Un problema, una situazione, una persona, un paesaggio, insomma, tutto ciò che fa parte del nostro mondo, può essere osservato da diverse prospettive. Si tratta sempre della stessa persona o paesaggio, del medesimo problema, dell’identica situazione, ma il quadro che emerge presenta diversità interessanti che nascono appunto dalla prospettiva dalla quale si osserva. La considerazione vale anche per quell’istituzione secolare di Chiesa sul territorio che è la parrocchia. Sulla sua identità, almeno a livello di documenti, si può correttamente convenire che questa forma di Chiesa (popolo di Dio pellegrino sulla Terra) ha un significato
teologico ed ecclesiale com’è ben descritto dall’esortazione apostolica post-sinodale sulla vocazione e missione dei laici nella Chiesa Christifideles laici (CfL) di san Giovanni Paolo II, del 1988.

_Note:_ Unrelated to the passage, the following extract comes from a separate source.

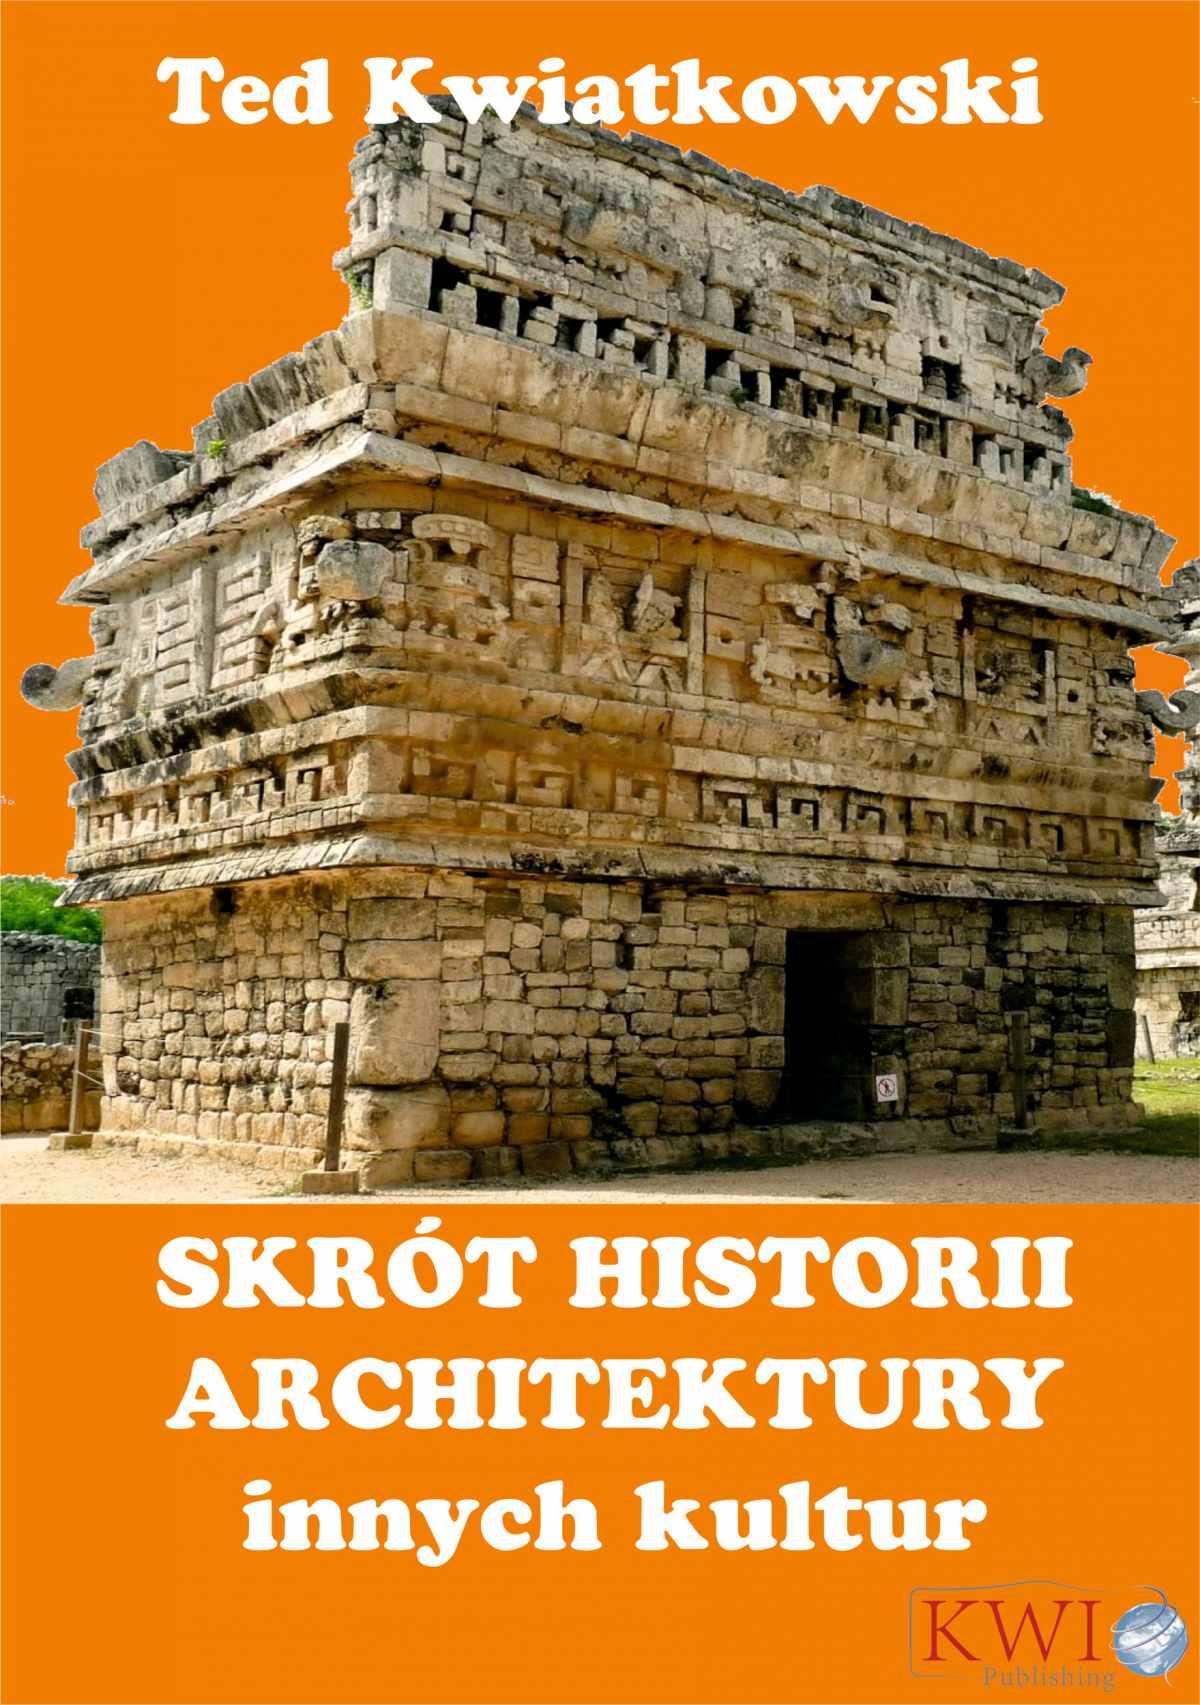 Skrót historii architektury innych kultur - Ebook (Książka EPUB) do pobrania w formacie EPUB

In questo  documento importante, la parrocchia è identificata, nel segno della comunione ecclesiale, come «l’ultima localizzazione della Chiesa, è in un certo senso la Chiesa stessa
che vive in mezzo alle case dei suoi figli e delle sue figlie» (26). Questa forma di Chiesa che abita un territorio nel segno della comunione e della popolarità (vicinanza
alla gente tutta, non a elite, ai pochi soltanto) osservata da prospettive diverse, assume però altrettante connotazioni che esprimono diverse sensibilità: per quanto riguarda sia la pastorale ordinaria e sia l’annuncio, sul territorio, del Signore morto e risorto. Per questo si dice che oggi più che di parrocchia occorre parlare di parrocchie,
ossia di modi diversi di interpretarne l’identità teologica ed ecclesiale dallo scenario pastorale.